Woolmer’s body was blocking hotel room door
Bob Woolmer’s body was blocking access to his hotel room when it was discovered on March 18, forcing the startled chambermaid assigned to the room to seek help from other housekeeping staff to push open the door, a source close to the investigation confirmed Monday.
“That is true, she (the housekeeper) could not open the door fully as the body was lying in the way, just by the door to the bathroom,” the source responded when the question was posed by the Observer. “She had to call some of her co-workers to help her push open the door in order to get in.”
The source, who spoke on condition of anonymity, agreed with the conclusion of local police, reported in last Saturday’s Observer, that the former Pakistan cricket coach was not murdered.
On Saturday, the Observer had reported that a senior Jamaican police officer told the newspaper that local detectives who had gone to Woolmer’s room on March 18 had, based on what they saw, concluded that the coach was not murdered. However, they were overruled.
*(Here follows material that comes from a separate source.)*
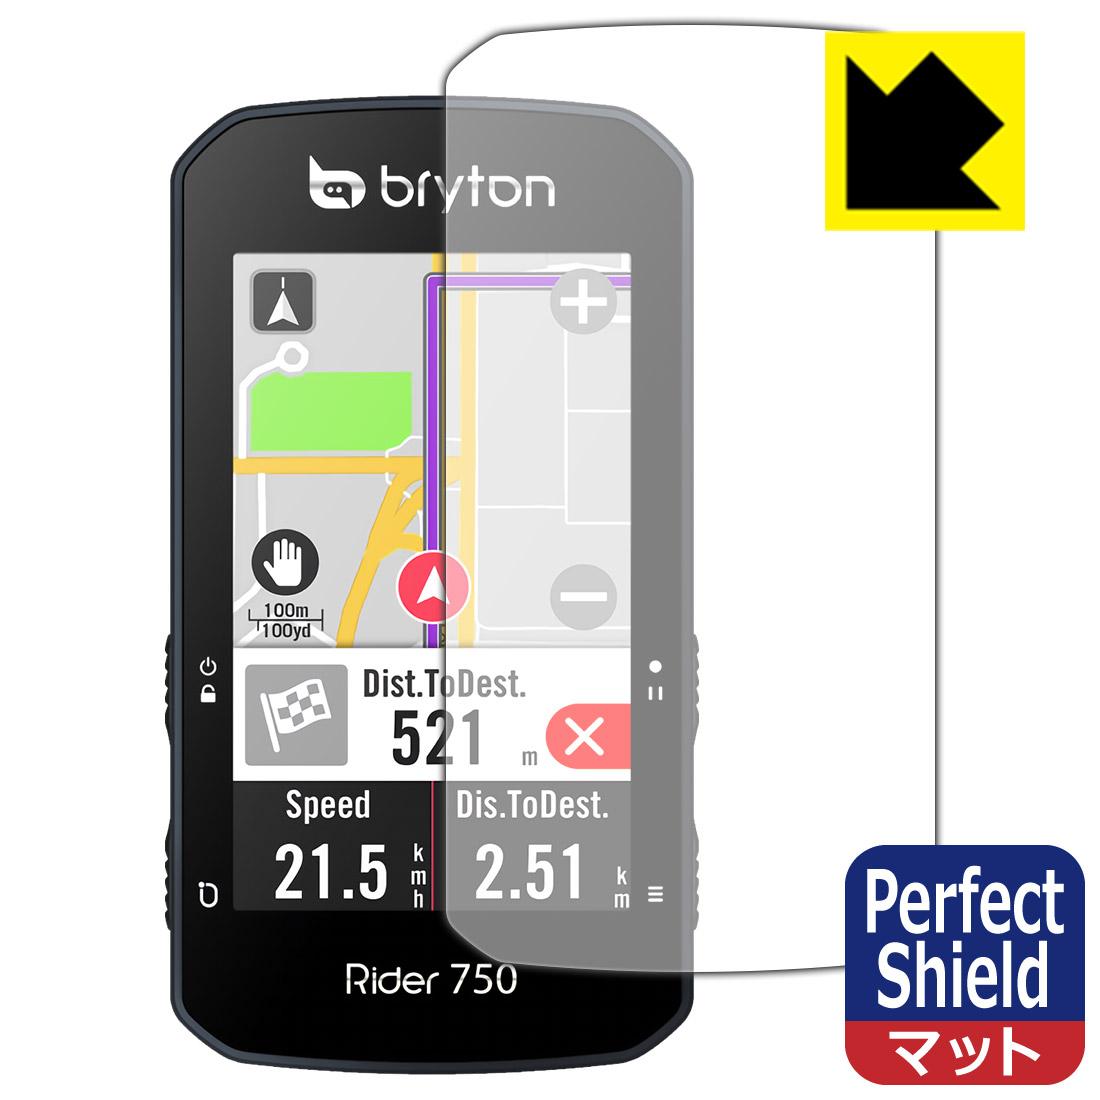 アンチグレアタイプ 非光沢 bryton Rider 年中無休 送料無料 750 Shield 保護シート Perfect smtb-kd 専用保護フィルム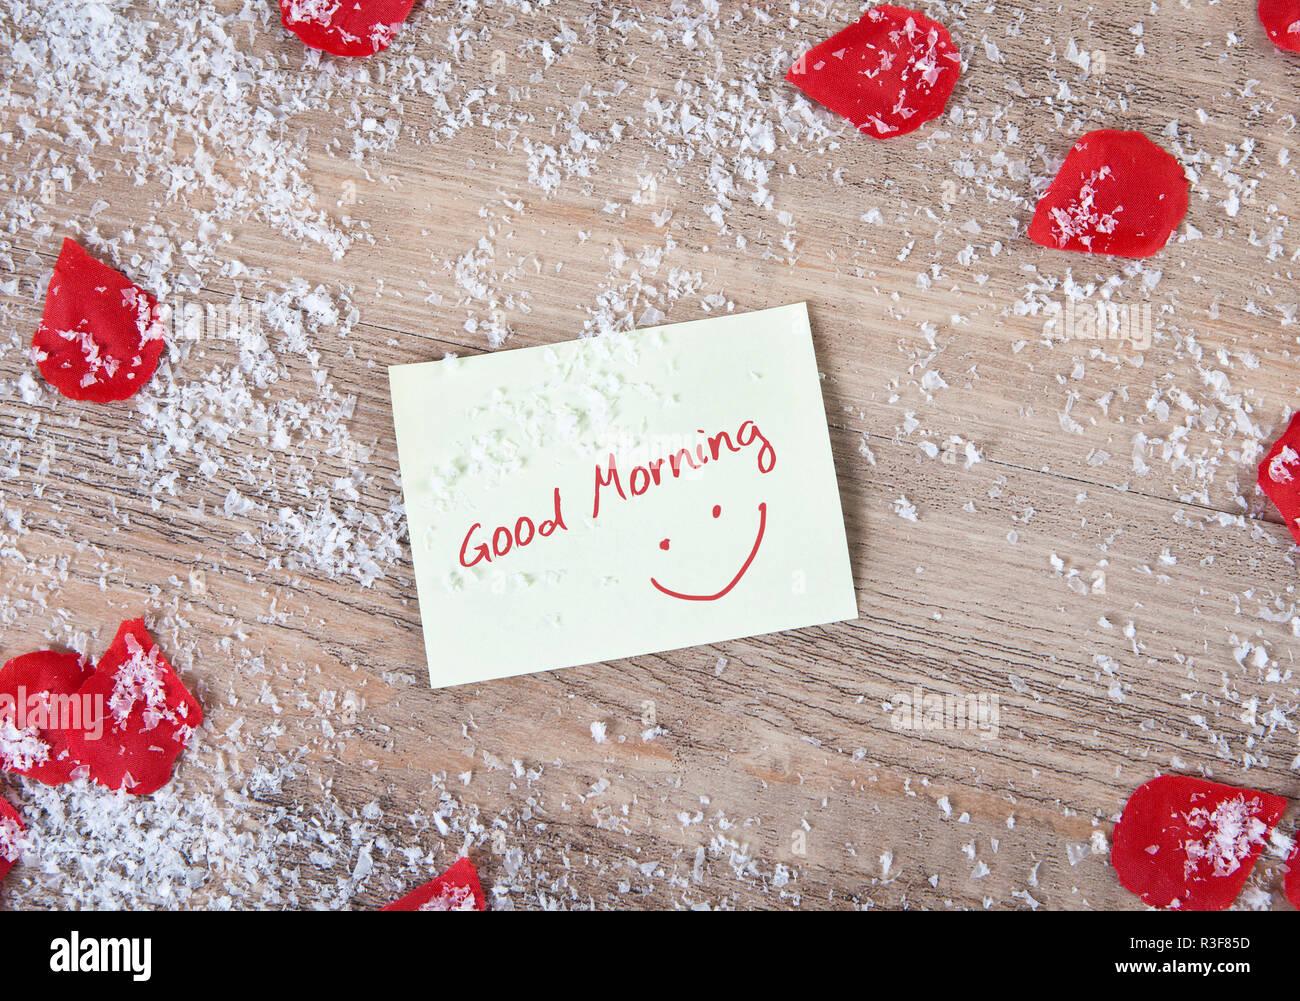 Guten Morgen Schnee Und Herzen Stockfoto Bild 225914457

Deputy Commissioner of Police Mark Shields, who is in charge of crime and who is the lead investigator in the Woolmer case, has maintained that the former coach’s death was being treated as murder, even though he has said that the police are “keeping an open mind and looking at all angles”.
Last Saturday, Britain’s Daily Mail newspaper reported that the Jamaican police were getting ready to announce that Woolmer’s death was no longer being treated as a homicide.
“Instead, officers believe he died of heart failure brought on by chronic ill-health and possibly diabetes,” the Daily Mail story said, describing the development as a “sensational twist” that followed “an extensive review of the evidence led by a senior Scotland Yard murder squad detective”.
The Daily Mail story also reported unnamed colleagues of Shields saying that the former Scotland Yard cop and government pathologist Dr Ere Seshaiah should share the blame for what the paper termed “the bungled inquiry”.
The paper also quoted one of Shields’ colleagues as saying that Shields “.should have ensured a second post-mortem was carried out. Instead of saying the death was suspicious, he rushed out a statement saying it was murder. He is going to be a laughing stock”.